Product tanker owner Hafnia has won Danish Shipping’s first ever diversity award.
The BW-owned company scooped the prize for dreaming up a collaborative “diversity lab” to come up with concrete proposals to help employees.
Hafnia beat a strong field of Norden, DFDS and Maersk Tankers to the award.
Confetti fell and champagne corks popped when the staff were told the news on Friday last week.
The company’s Maritime Diversity, Equity & Inclusion Lab was put together with RightShip, Wilhelmsen, Thome Group, Rio Tinto and Anglo American.
The partnership is a kind of internal think tank where employees and teams across the companies can contribute with good ideas and initiatives that can be spread to other companies.
In the first year, 2020, more than 50 ideas about better diversity were shared.
Anne Windfeldt Trolle, executive director at Danish Shipping, said the jury had praised a “very creative, innovative and almost magical initiative”.
“It was really difficult to choose a winner and it was a very close run,” she said. “The initiatives are rather different but what they all have in common is that they are very serious about bettering diversity and that they contribute to bringing about real change.”
Hafnia chief executive Mikael Skov said: “Progress through collaboration and a collective approach to address change is the tangibility we at Hafnia have been pushing for.”
Game-changer
“We should all continue to address the challenges at an organisational level, but when we come together and lead the change in the industry as a whole, it becomes a game-changer.”
In particular, he thanked Hafnia’s head of innovation, Shanker Pillai, and Richard Holdsworth, founder of environmental, social and governance (ESG) benchmarking company V-Box, as the true drivers of the lab.
Mia Krogslund Jorgensen, head of people, culture and strategy at Hafnia, said: “We have received a vast number of submissions from all over the world, from those onshore and at sea.

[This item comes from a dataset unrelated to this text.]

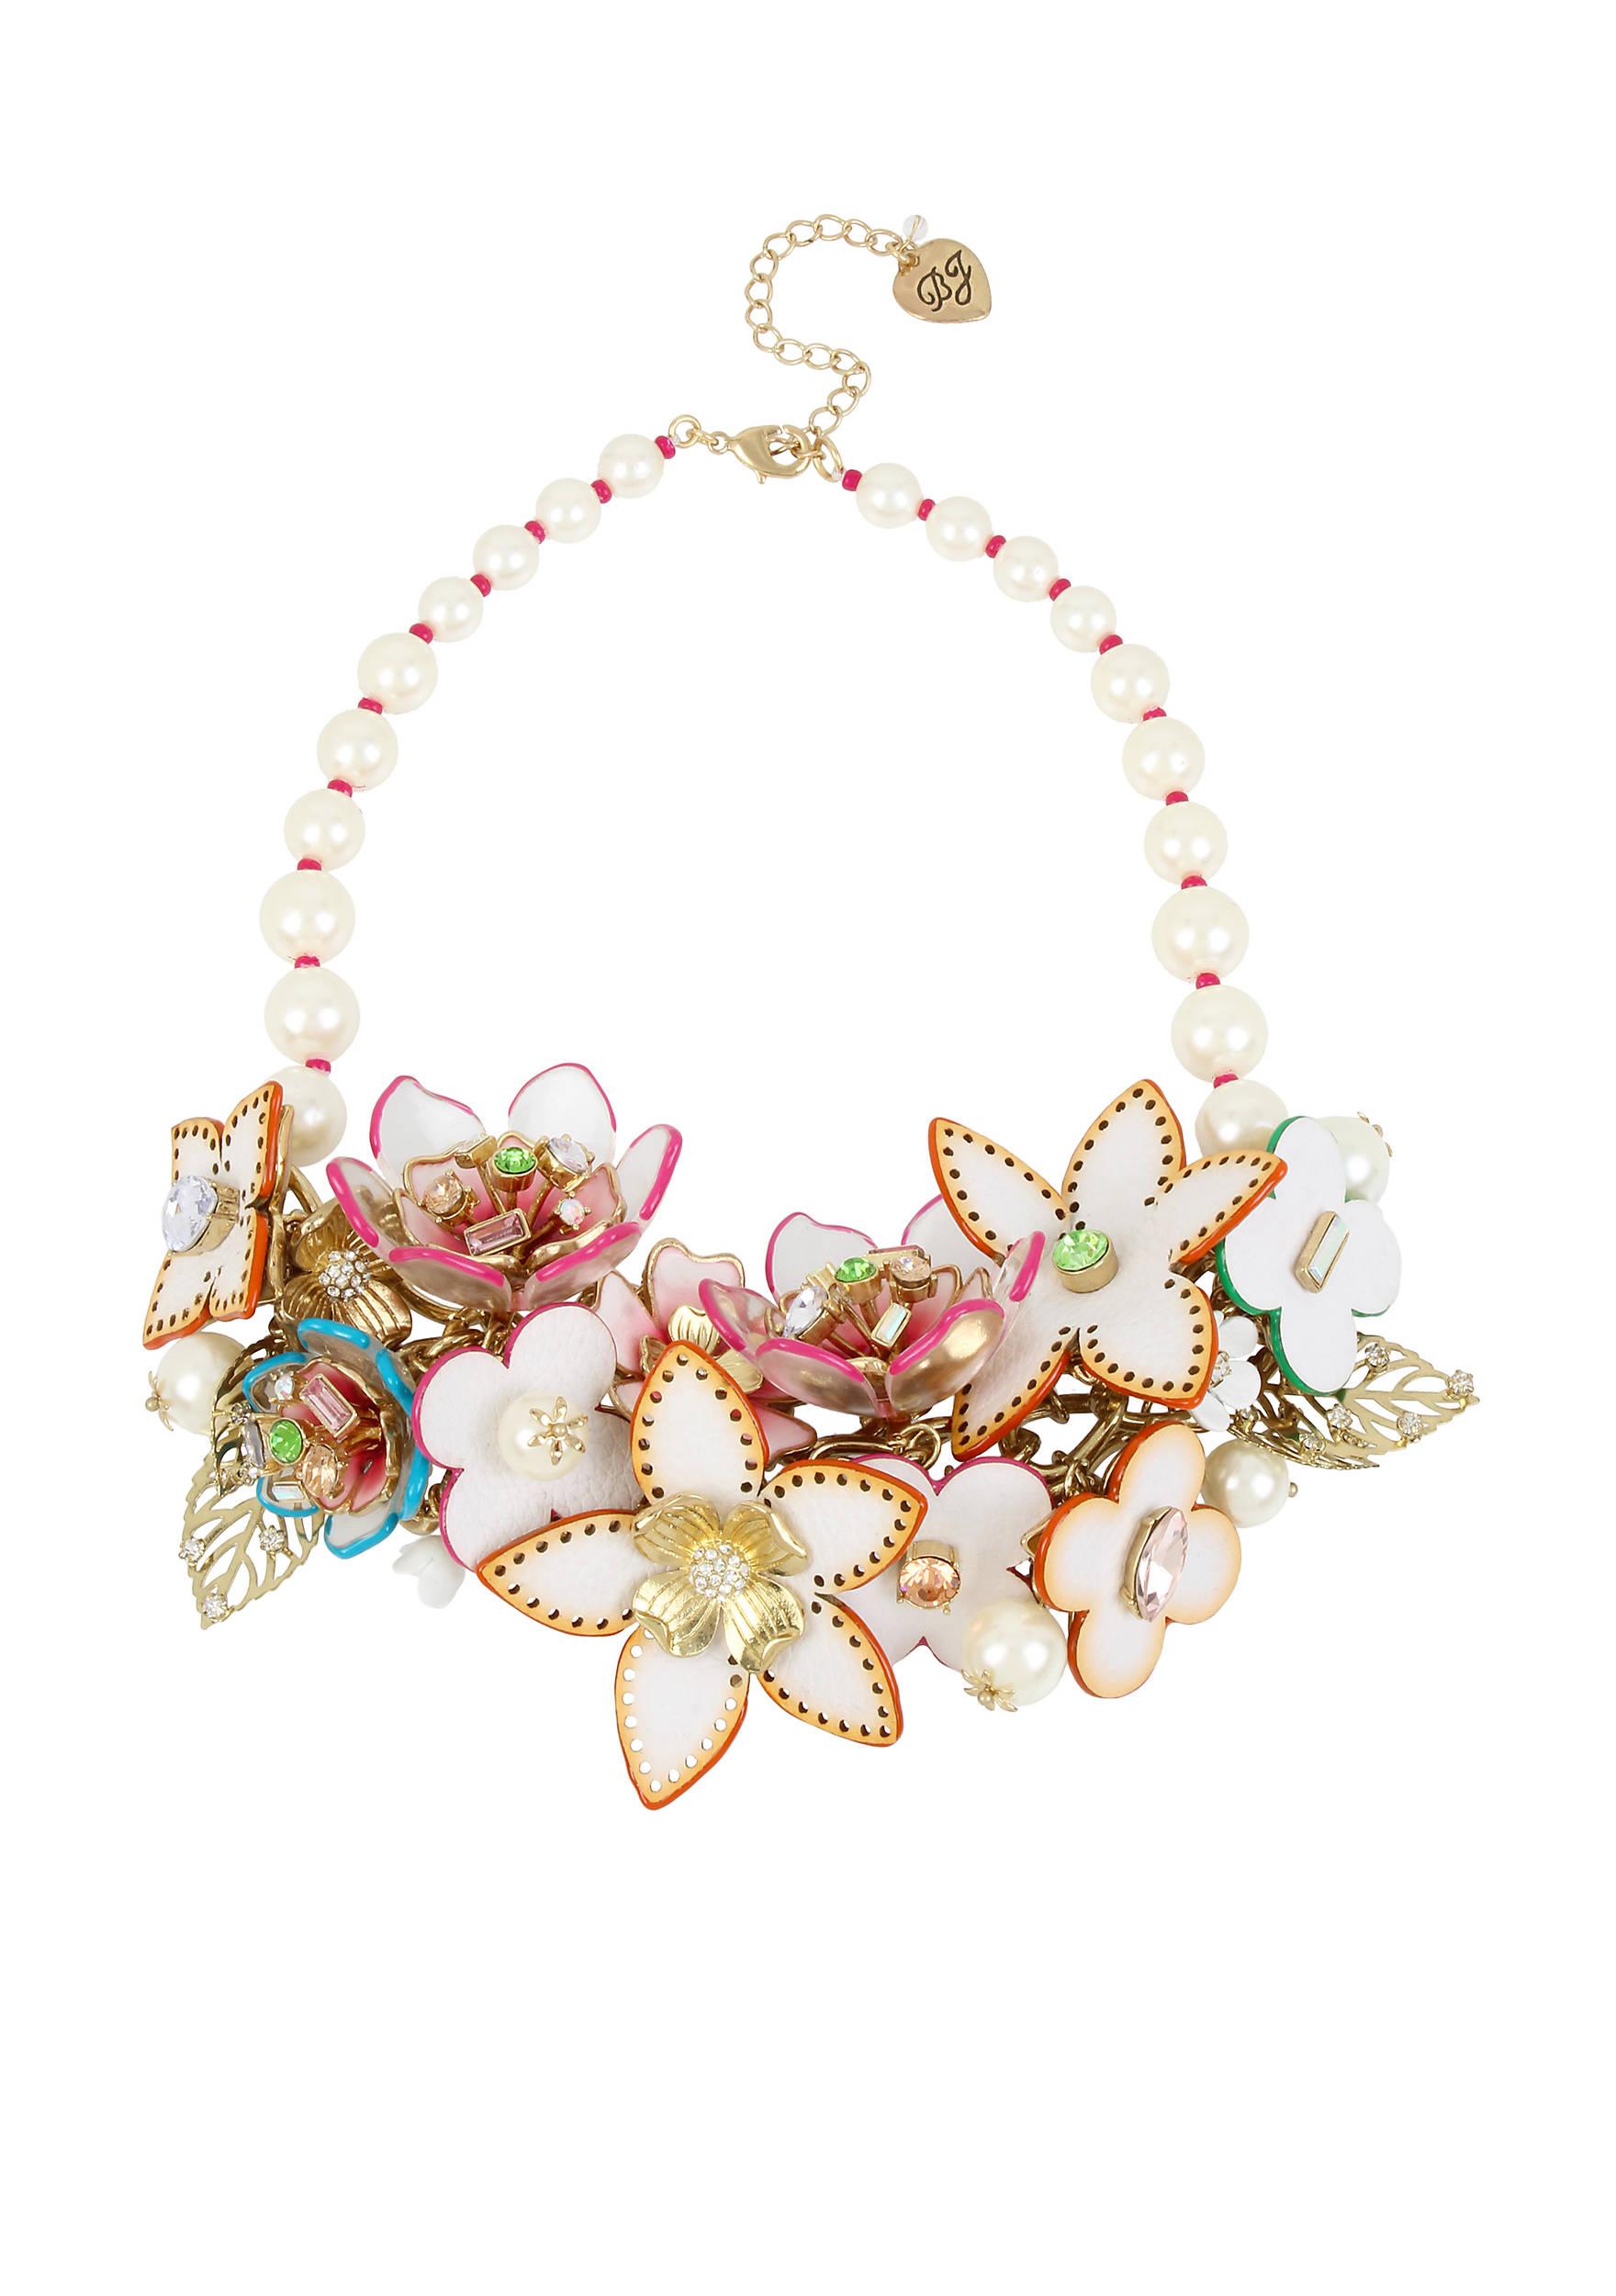 Betsey Johnson Gold-Tone Leather Flower Statement Bib Necklace | belk

Thank you to everyone who participated. All your contributions make a difference to evolving the maritime reality.”
The first result of the think tank is called SeaCode, which is an app through which both women and men at sea who have experienced harassment or bullying can share their experiences and seek advice and help.
Other members of the jury included Anja Rose, head of organisational performance and development at Welltec, and Heidi Heseltine, chief executive of Halcyon Recruitment and founder of Diversity Study Group.